RAPTOR is ideally suited to both industrial and municipal applications in Australasia, with one of its most recent installations demonstrating its potential for similar applications here, said Bambridge, whose company distributes the Global Water Engineering RAPTOR technology throughout Australia and New Zealand.

GWE anaerobic technology success story

A waste-to-energy project undertaken by the world’s largest integrated pineapple operation, Del Monte Philippines Inc. (DMPI), which has exceeded even the high effluent quality targets originally set for the job.

The Global Water Engineering (GWE) wastewater treatment installation (pictured) at the Cagayan de Oro pineapple canning plant has achieved 93 percent organic pollution (COD) removal in its anaerobic reactors, producing in the process enough green energy (methane rich biogas) to power two 1.4 MW generating electrical power generator units (or gensets).

DMPI – which accounts for about 10 per cent of the world’s annual production of processed pineapple products – will benefit from environmentally clean electricity to replace fossil fuels typically used in electrical power plants.

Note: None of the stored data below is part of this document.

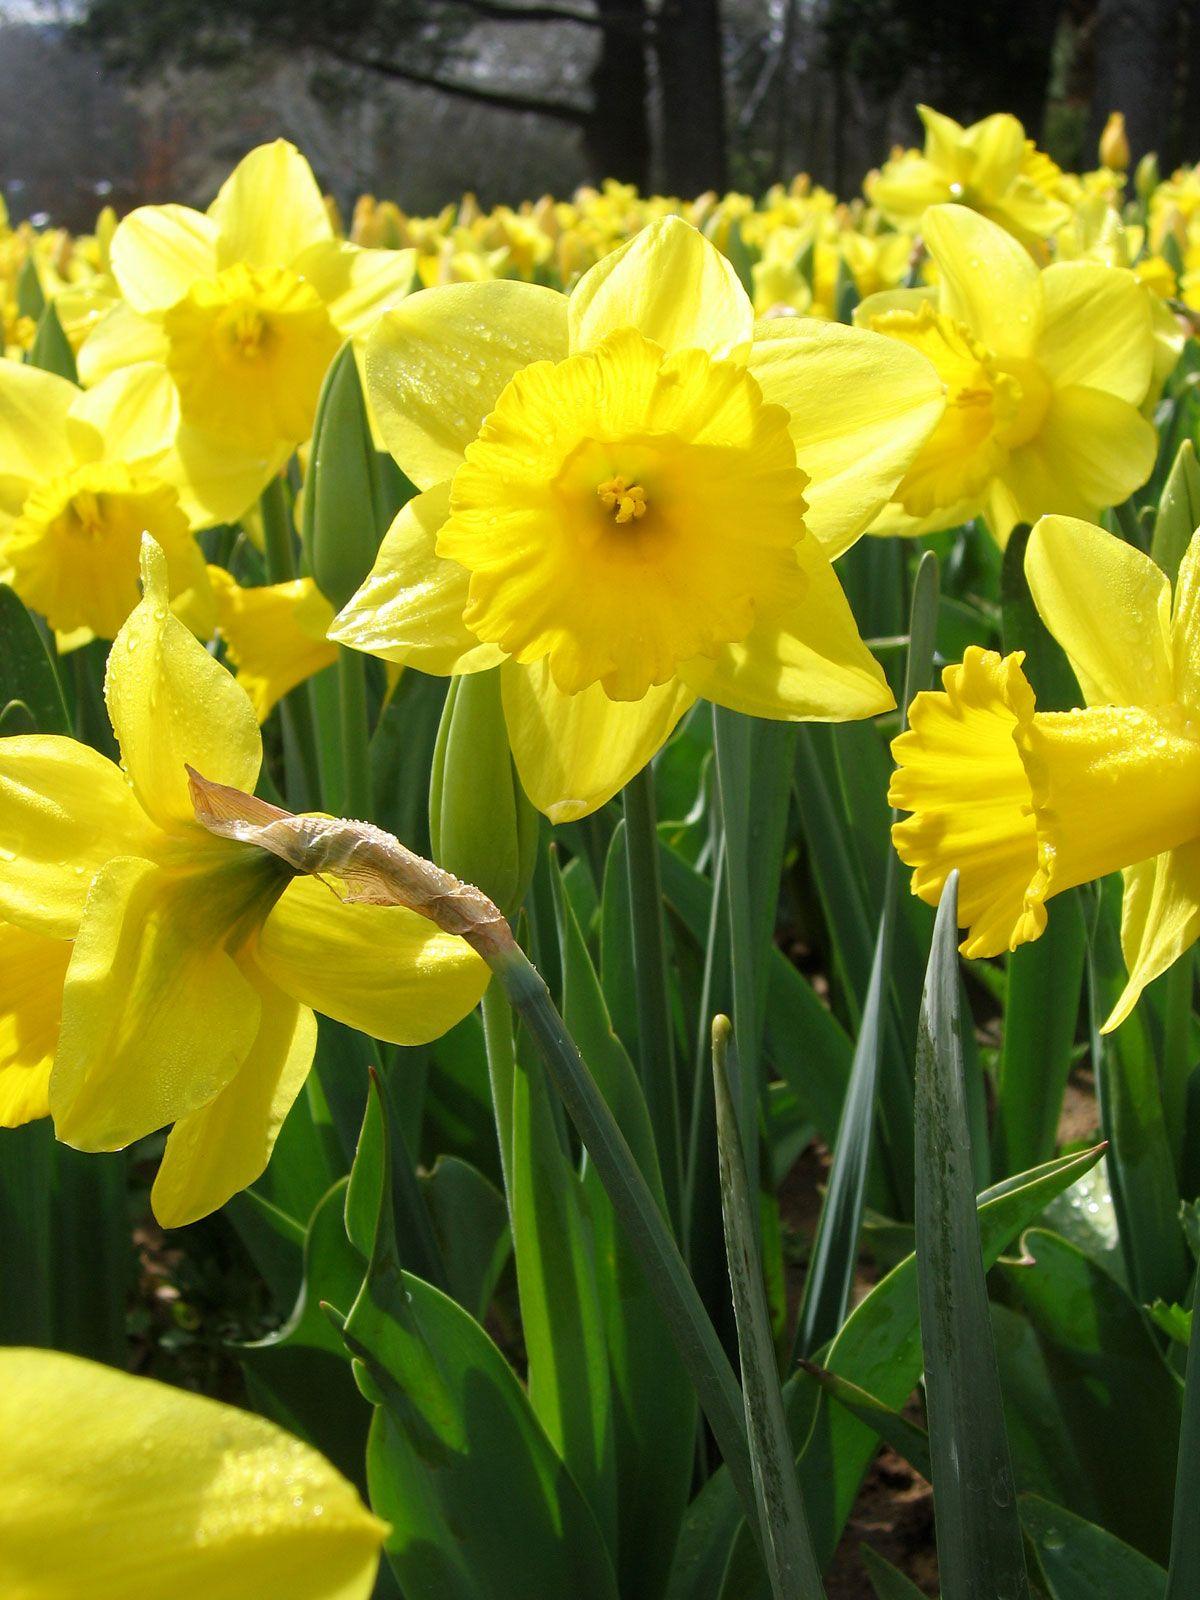 Daffodils Narcissy Cvetovodstvo Cvety
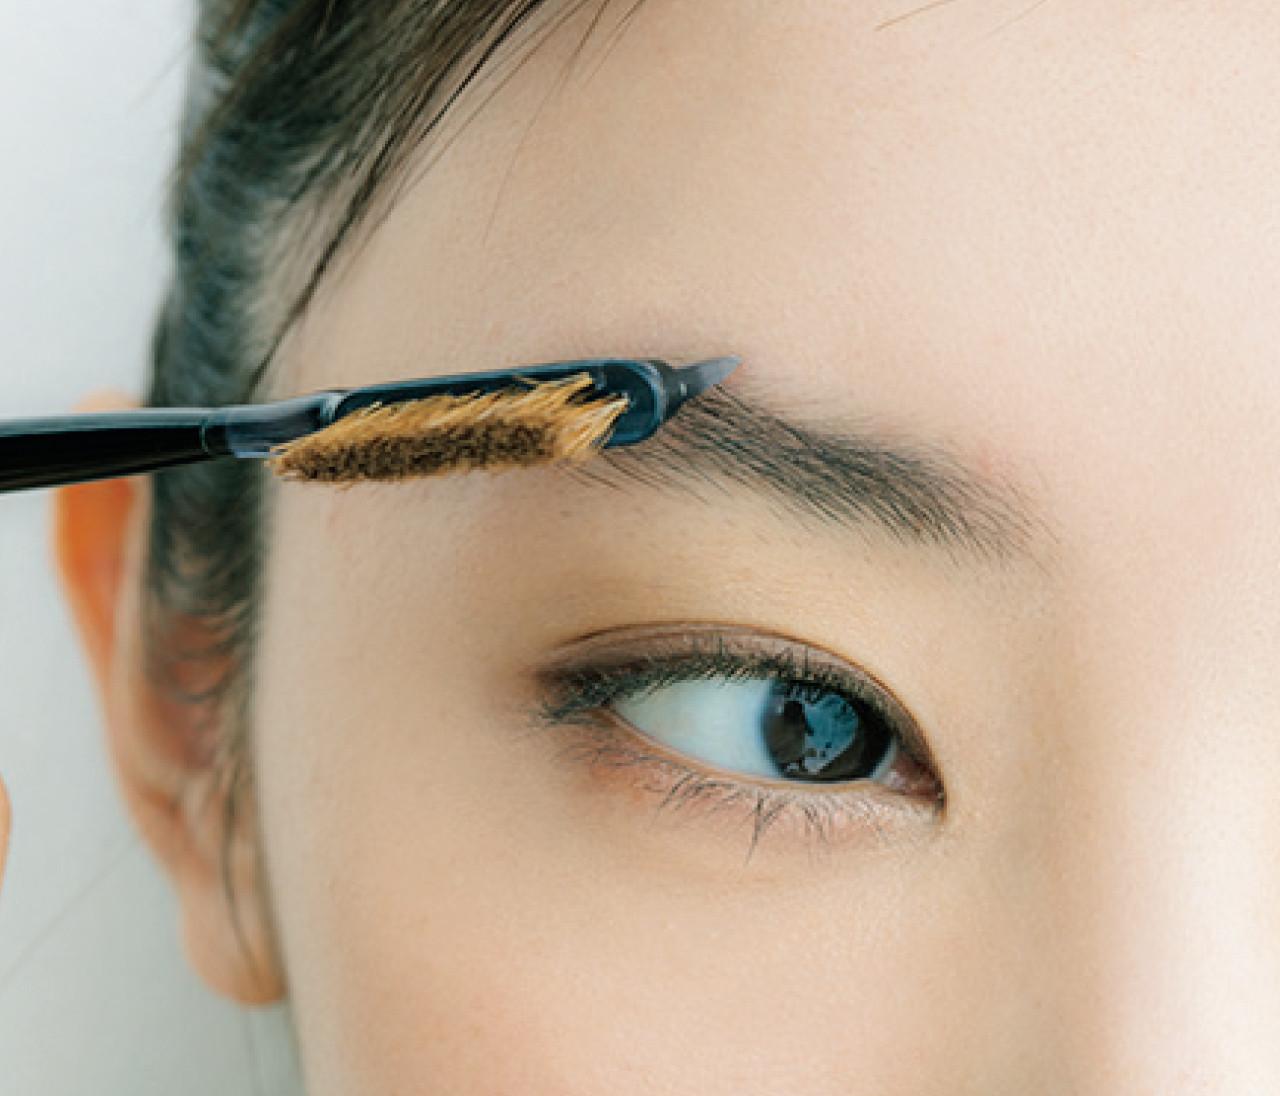 【30代のためのネオ美人眉Q&A1】眉ってハサミでカットすべき?毛抜きは使っていいの?
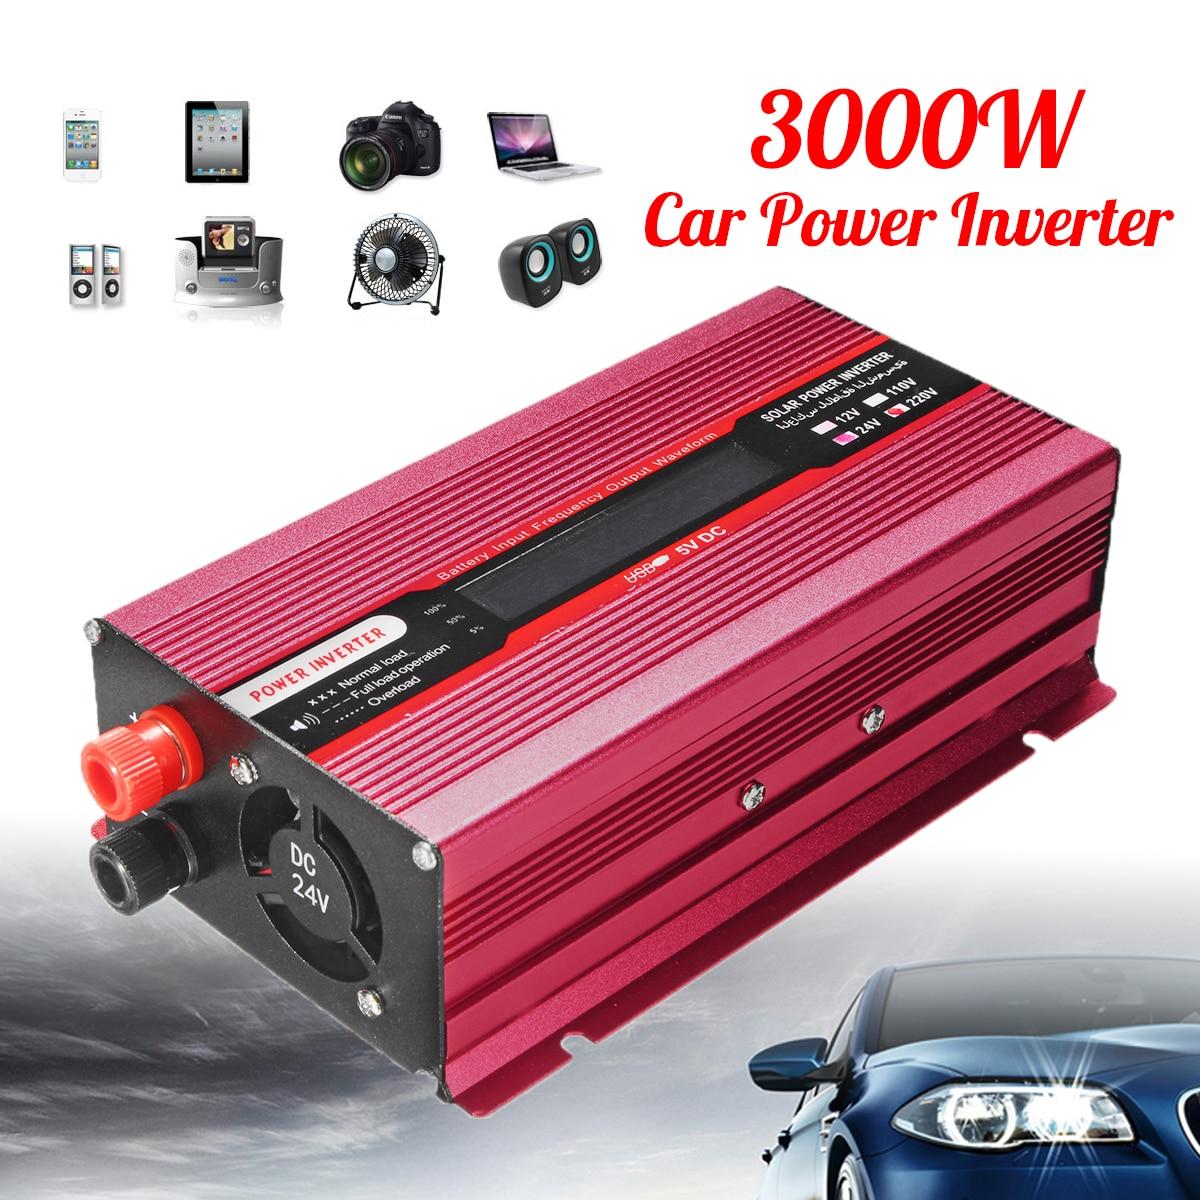 Wave Converter Car Power Inverter PEAK 3000W 12/24V To AC 220/110V USB Modified Sine Low Noise Multiple Voltage Transformer

And the waste heat from the gensets is also put to use to heat up steam boiler feed water, which is a further reduction of fossil fuel use in the factory. Given the high prices of electricity form the Grid and the sometimes erratic supply, the plant will achieve rapid ROI payback, said Bambridge.

“Similar energy supply and price issues exist in Australasia, so the technology is highly relevant here,” he said.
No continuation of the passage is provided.